Brinque, dance e pule

Faça as graças tuas

E quando for brincar

Somente faça o bem

Pois nosso Panteão

Não perdoa ninguém

Tua mão não ergue

Para fazer o mal

Ao amigo e inimigo

À pessoa ou animal

Pois a Magia manda

A criança impura

Viver a sete palmos

Em uma sepultura

- Cantiga Infantil

*

O continente Oeste é conhecido por ser um continente pacífico. Comparado ao seu irmão Oriental, essas terras possuem menos conflitos e guerras – mesmo que ainda possua diversas disputas territoriais por baixo dos panos.

Após séculos de batalhas, tentativas de dominação das terras, cidades e seus cidadãos, os territórios foram separados em 8 partes: A Cidade Livre de Rendall, o mais antigo reino, isolado de tudo e todos; O Reino de Fiandel, a nação com maior poderio militar e número de habitantes; O Sultanato de Argalya, temido pelos mistérios em magia, em parte desconhecidos pelo restante do continente; A Confederação de Mallia, lar das famílias mais influentes nas sombras; A República de Markav, segunda nação em poderio militar, lar de grandes famílias guerreiras; O Reino de Vivre, lar das artes e mestre na cultura mercantil; O Deserto Vermelho, lar dos bandidos e renegados – um deserto mortal, tomado pela escória; e a Grande Floresta, dominada pela Ordem das Oito Raças e, atualmente, comandada pelo Oráculo.
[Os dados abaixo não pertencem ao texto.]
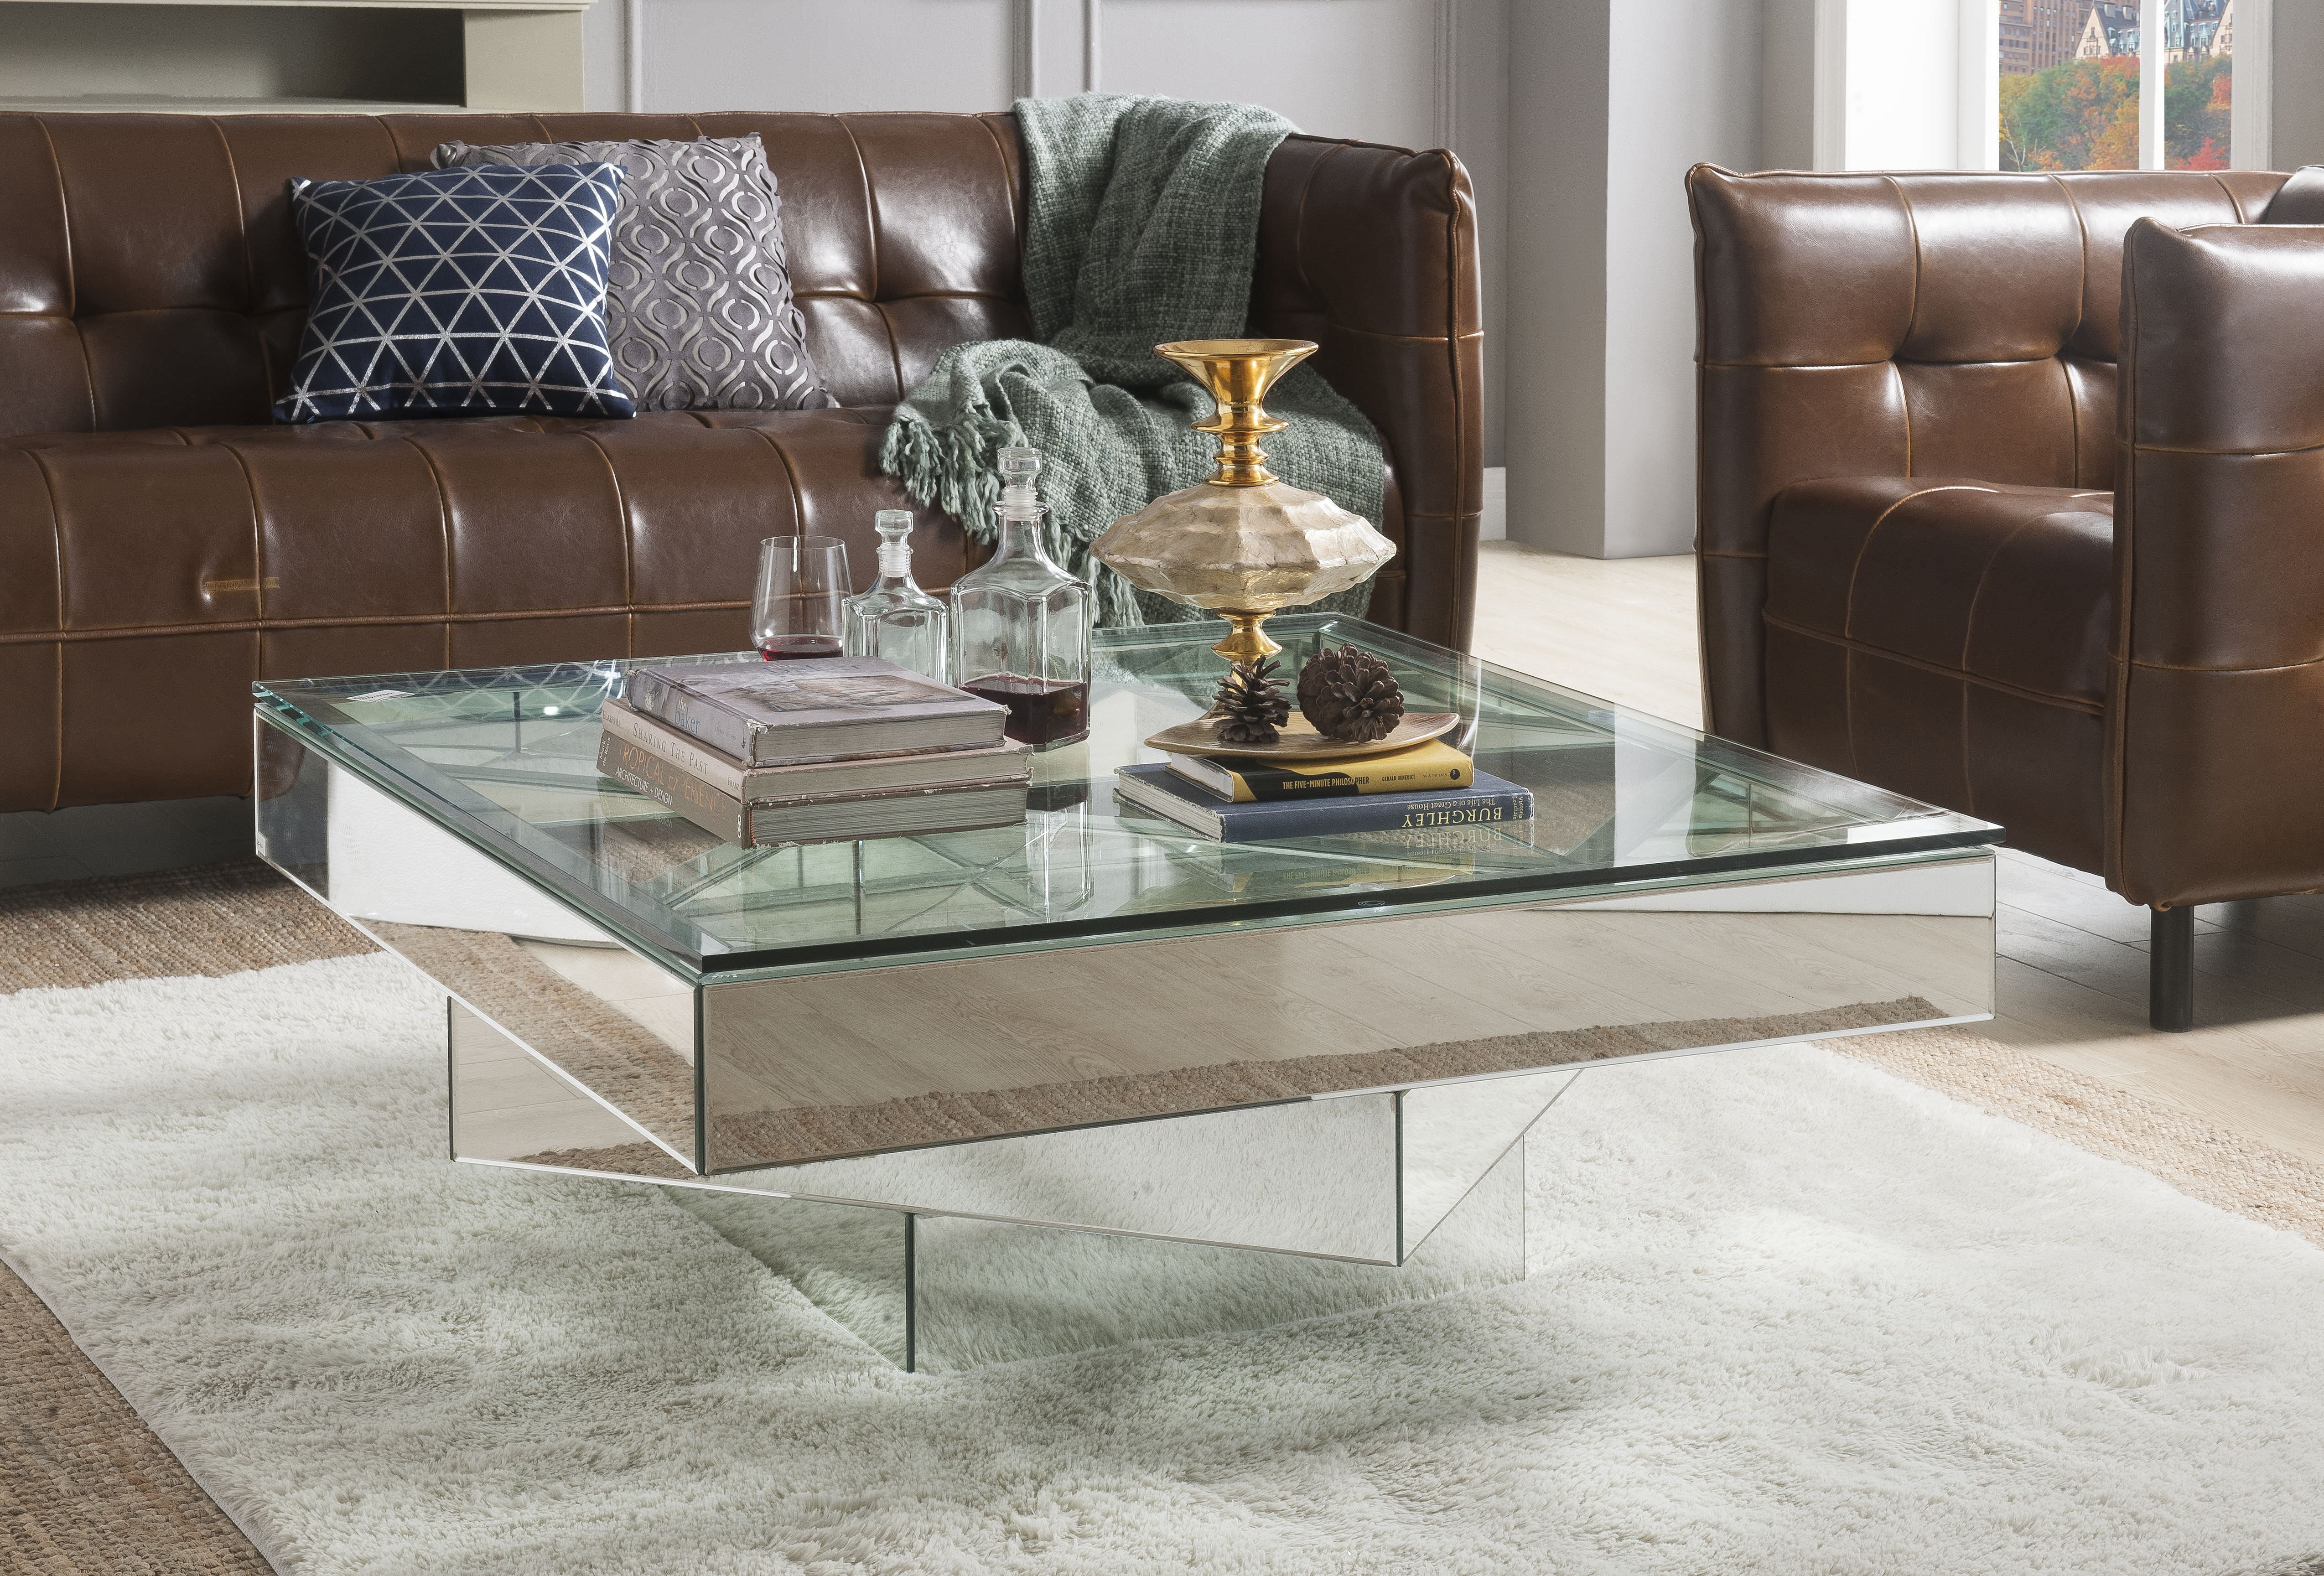 BetterBeds Meria Coffee Table - Mirrored - 15 x 40 x 40 in.

Guiados pelo desejo em crescer internamente, os Grandes Reinos de Fiandel e Vivre, há muito tempo, firmaram um tratado de paz, que, na prática, obrigou os outros territórios a obedecer a determinação de congelamento das fronteiras e reconhecimento da soberania individual das nações. É uma paz frágil e sabidamente temporária, enquanto ambos os lados procuram meios definitivos de assumir o controle total, mas que, com o tempo, se consolida no inconsciente da população e torna a lembrança das guerras mais distante. O que não impede que estes reinos, porém, tenham seus próprios conflitos com as nações menores, atacando-as em campanhas discretas através da história recente.

Porém, ainda há uma paz genérica, que permite que as cidades cresçam, maiores e mais belas, menos ameaçadas pela destruição. Os reinos e seus habitantes permeiam porcentagens maiores de seus próprios territórios e, enquanto isso, as capitais, centro do desenvolvimento, crescem de modo acelerado, impulsionadas pelos tributos pagos pelas cidades com número sempre crescente de habitantes.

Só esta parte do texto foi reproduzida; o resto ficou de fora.